=== Provided data ===
Start of Block

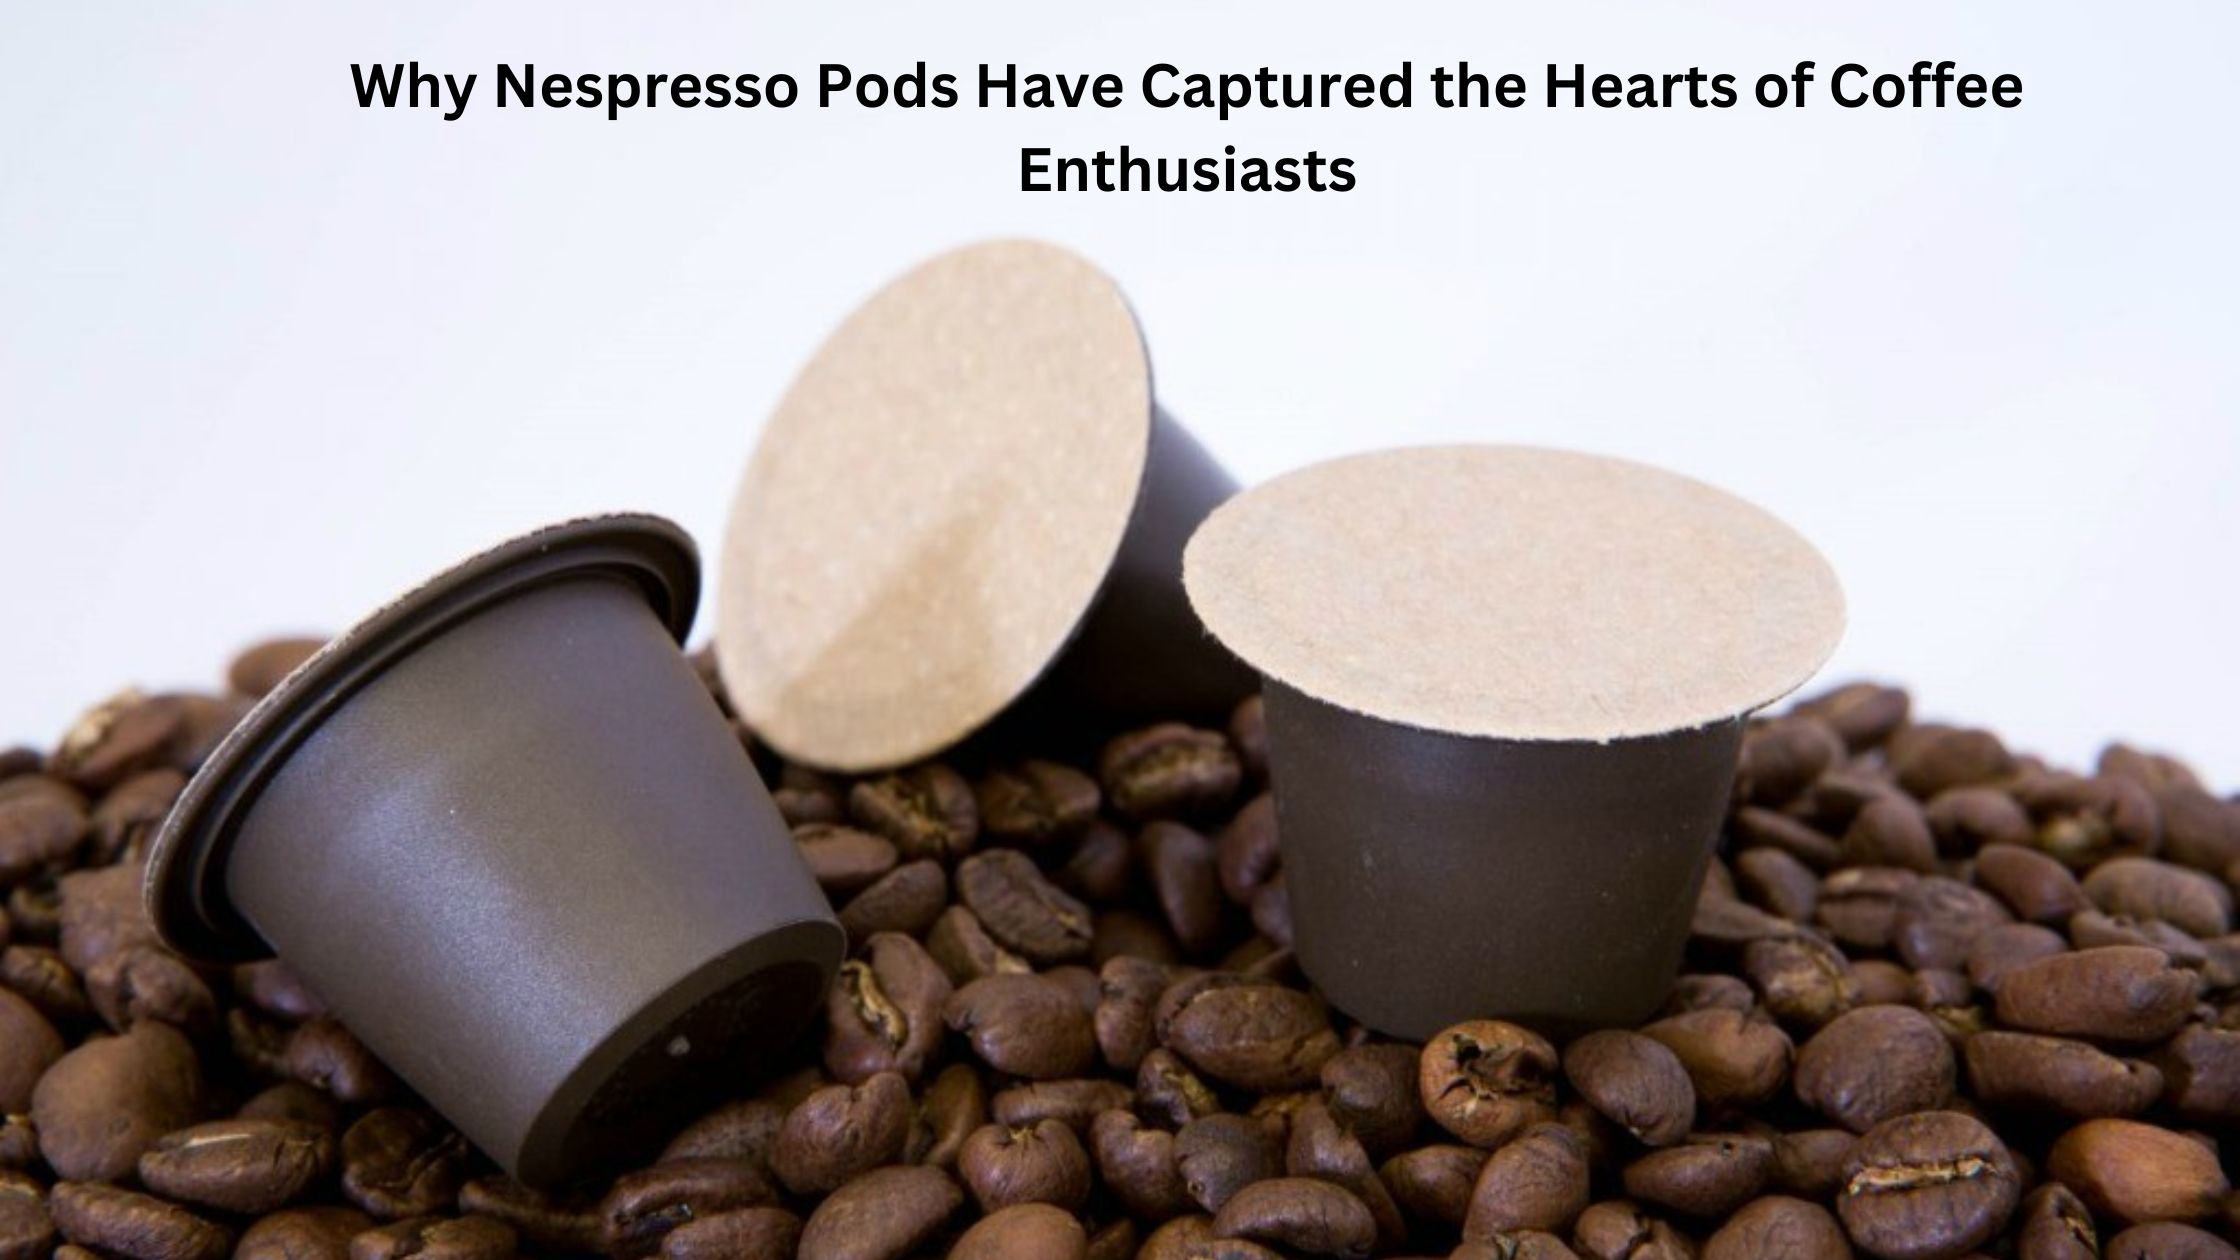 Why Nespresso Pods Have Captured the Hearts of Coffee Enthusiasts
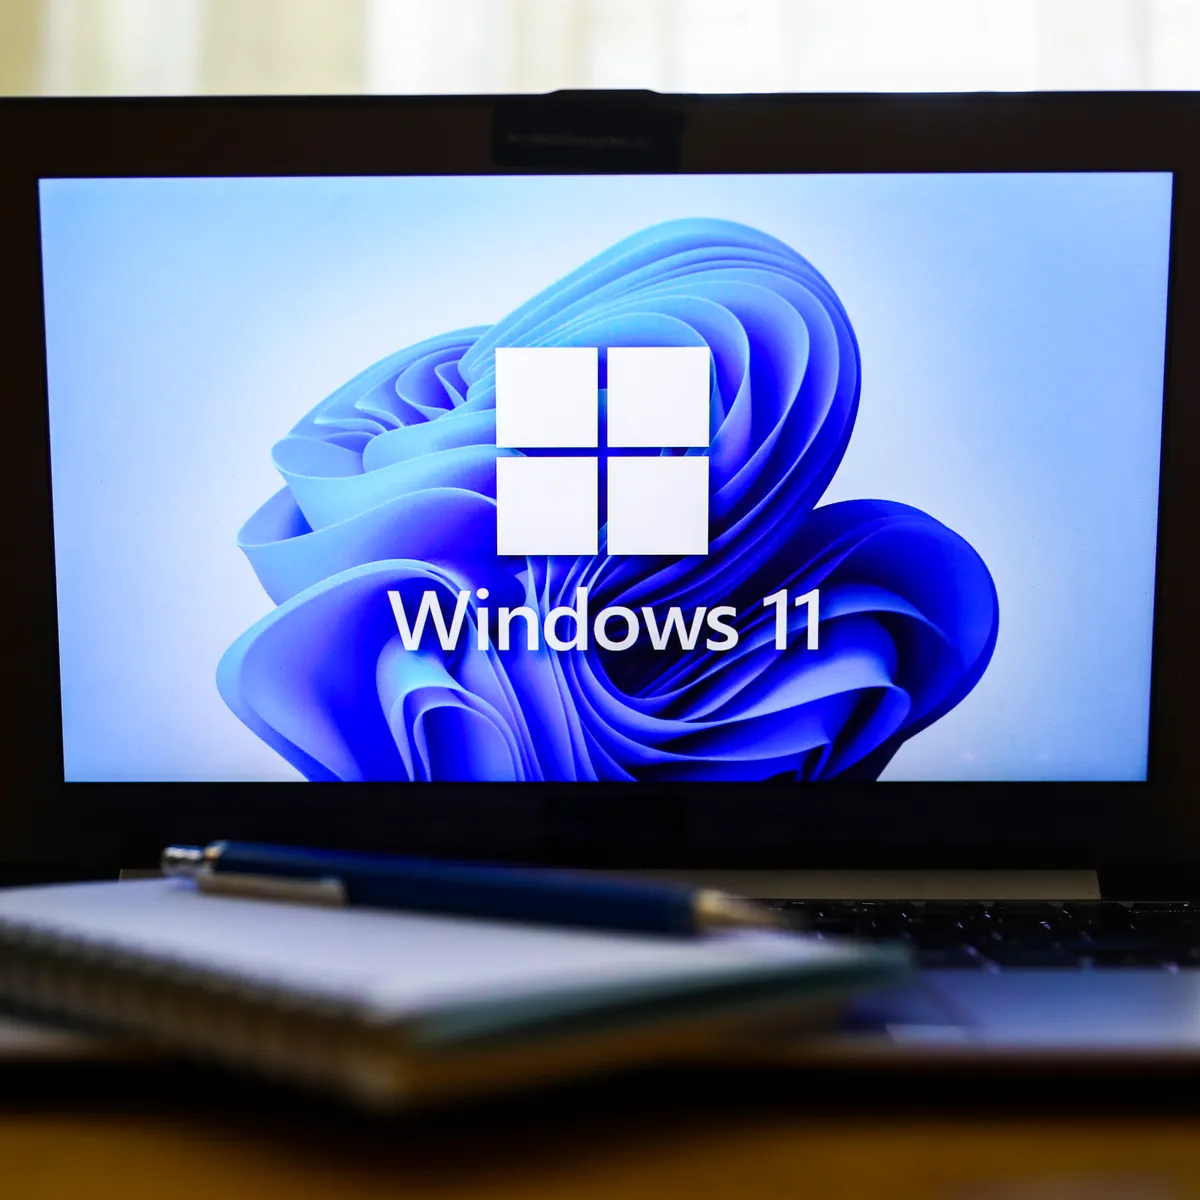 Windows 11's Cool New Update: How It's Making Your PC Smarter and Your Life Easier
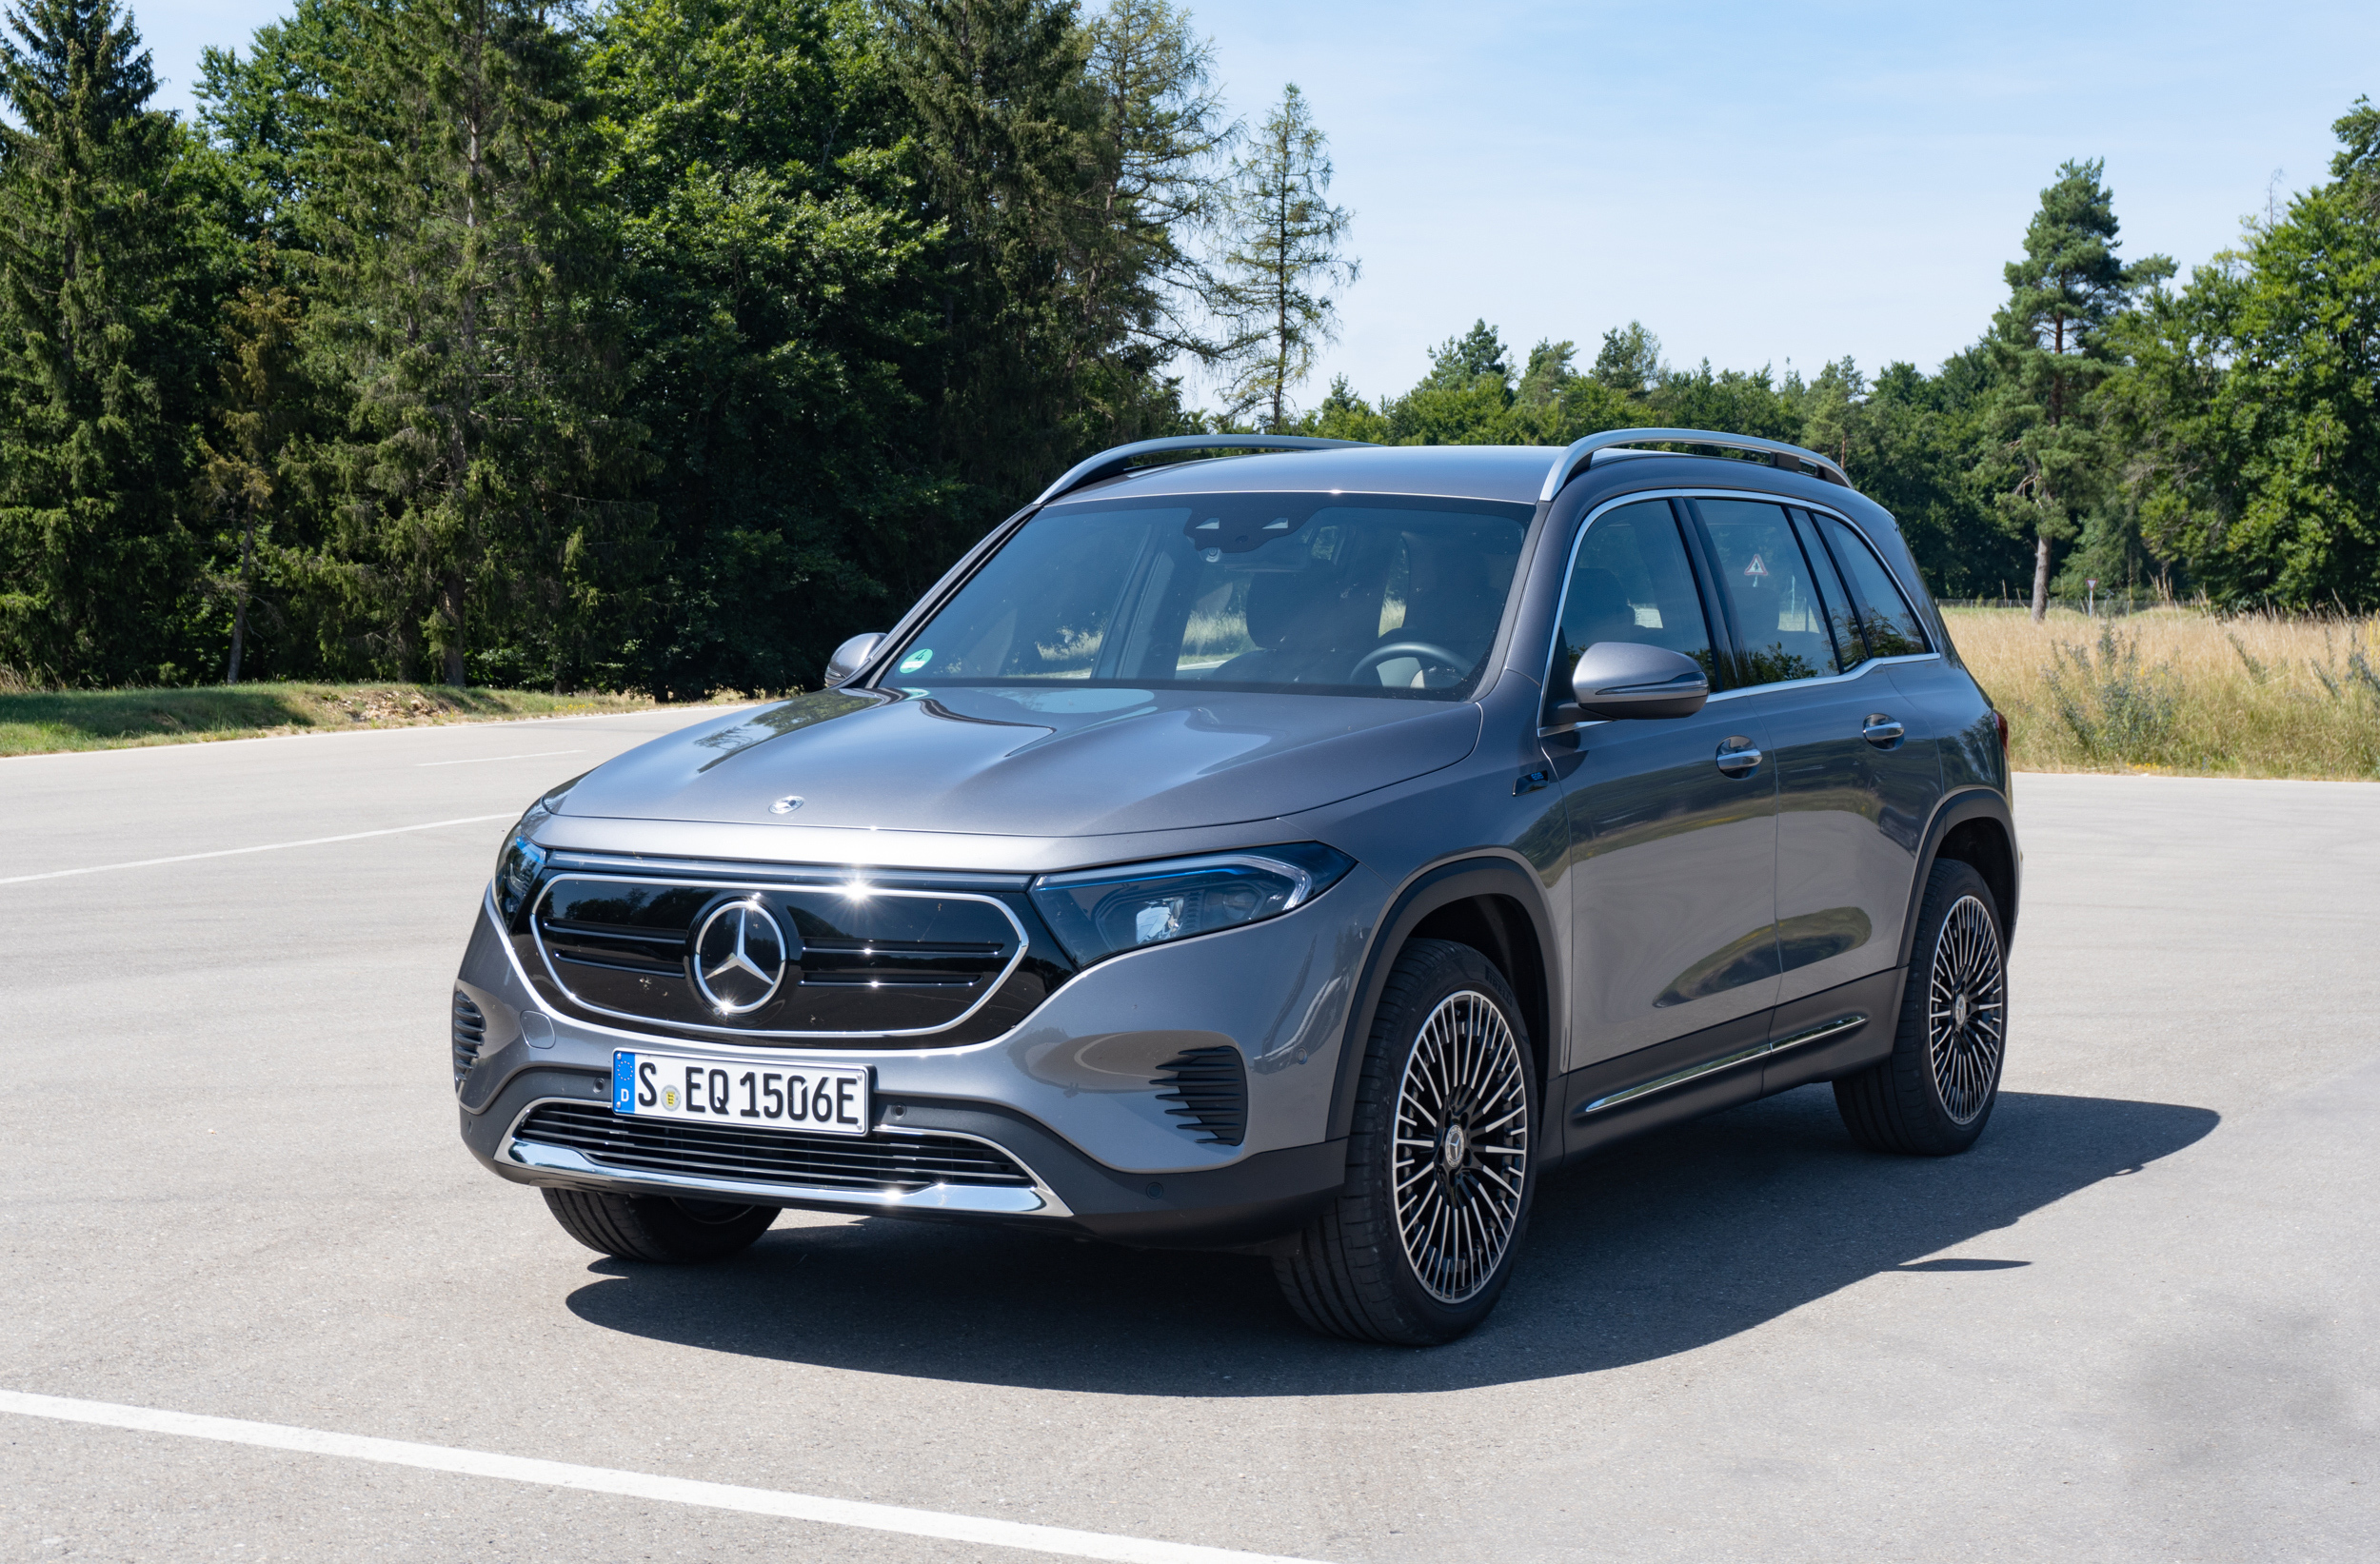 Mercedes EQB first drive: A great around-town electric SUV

End of Block

=== Prompt ===
Only the lines from the one with "Windows 11's Cool" through the end of the listing should be transcribed, exactly and without pictures.

=== Solved exercise ===
 Windows 11's Cool New Update: How It's Making Your PC Smarter and Your Life Easier
 Mercedes EQB first drive: A great around-town electric SUV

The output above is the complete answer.